Question

The article "Nine Out of Ten Drivers Admit in Survey to Having Done Something Dangerous" (Knight Ridder Newspapers, July 8,2005\()\) reported on a survey of 1,100 drivers. Of those surveyed, 990 admitted to careless or aggressive driving during the previous 6 months. Assume that the sample is representative of the population of drivers. Answer the four key questions (QSTN) to confirm that the suggested method in this situation is a confidence interval for a population proportion.

Short answer

The 95% confidence interval for the population proportion is (0.882, 0.918).

Step-by-step solution

Determine the Sample Proportion

First, find the sample proportion (p̂) by dividing the number of drivers admitting to careless or aggressive driving by the total number surveyed: p̂ = 990 / 1100 = \(0.9\) .

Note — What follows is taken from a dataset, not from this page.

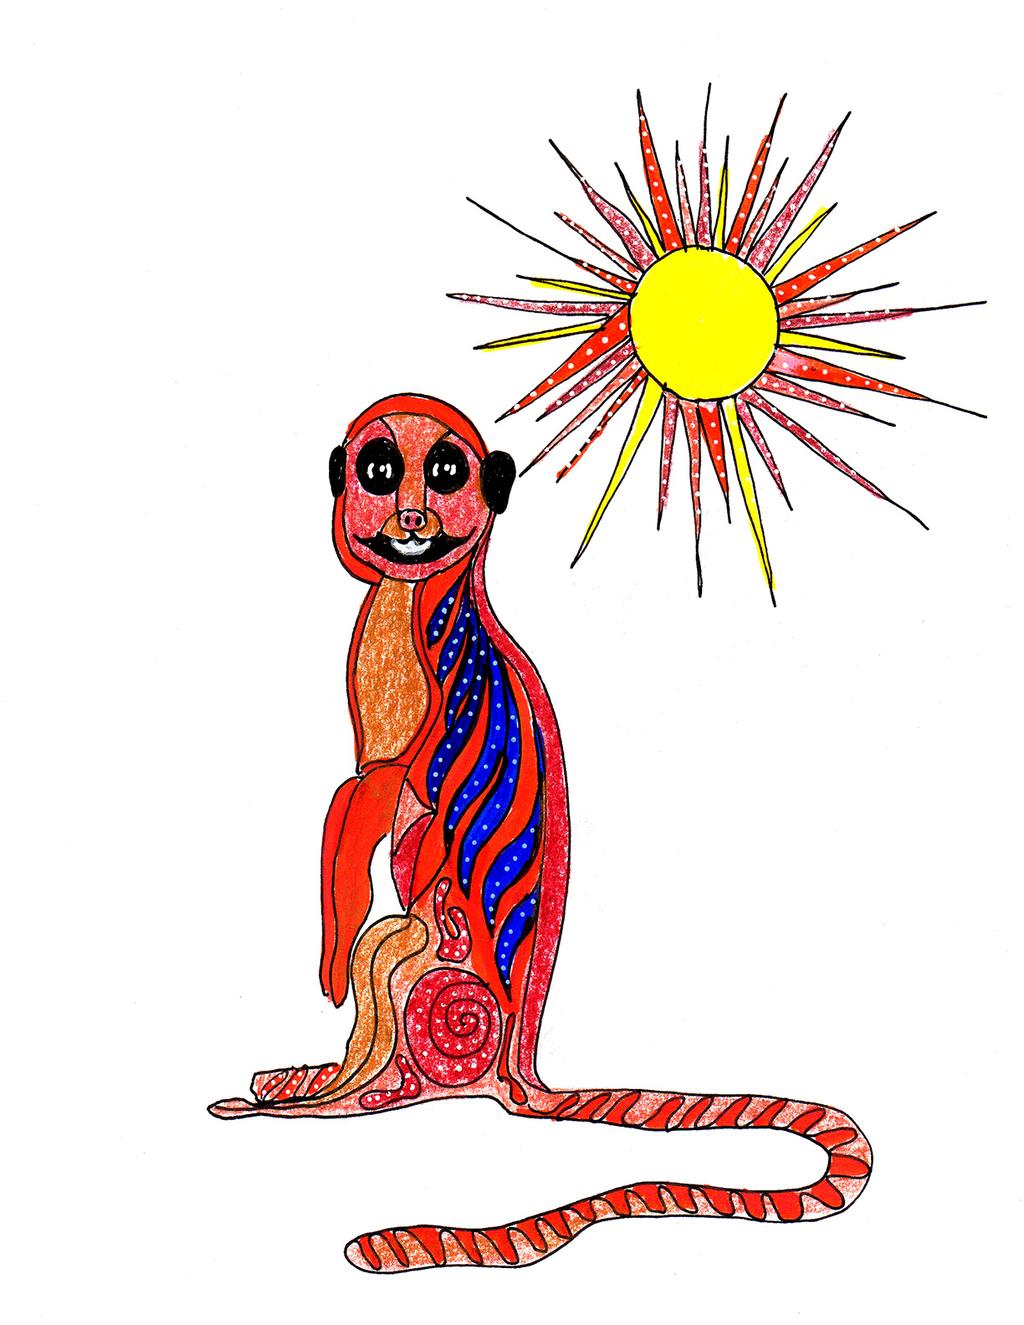 Doodle Extravaganza Day #22! Meerkat Meerkat! What whimsical creatures bring a twinkle to your eye? Today, try doodling funny creatures that delight you...real or imagined. you'est you!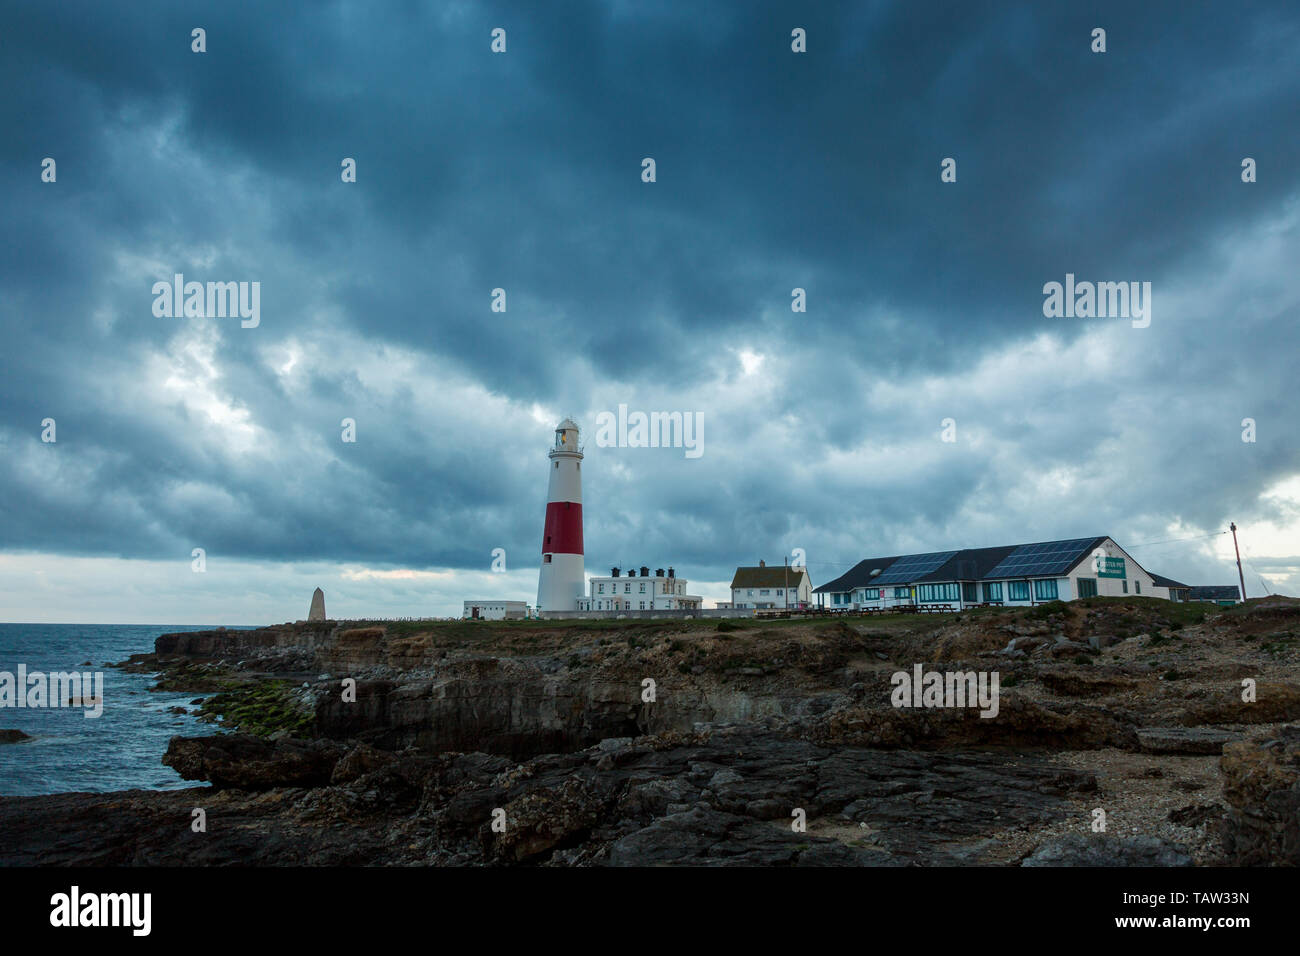 Portland, Dorset, UK. 28th May, 2019. Dramatic rain clouds fill the sky as dawn breaks at Portland Bill lighthouse, Dorset. The cloud and sun begin a day of unsettled weather. Peter Lopeman/Alamy Live News Stock Photo

Confirm that the Sample Size Is Large Enough

Confidence intervals for population proportions require that the sample size be large enough to assume a normal distribution. This can be confirmed with the following checks: np̂ ≥ 10 and n(1 - p̂) ≥ 10. Here, np̂= 1100*0.9 = 990 and n(1 - p̂) = 1100*(1-0.9) = 110, both are greater than 10, so the assumption is Valid.

Calculate the Margin of Error

Typically, confidence intervals are calculated with a 95% level of confidence. The formula for the confidence interval is: \(p̂ ± Z * √((p̂*(1 - p̂))/n)\). Here Z is Z-value from the Z-table for the desired level of confidence. For a 95% confidence level, Z = 1.96. So, the margin of error = 1.96 * √((0.9*(1 - 0.9))/1100) = 0.018.

Calculate the Confidence Interval

Now, the confidence interval can be calculated using the sample proportion and margin of error: \(0.9 ± 0.018\). So, the 95% confidence interval for the population proportion is (0.882, 0.918).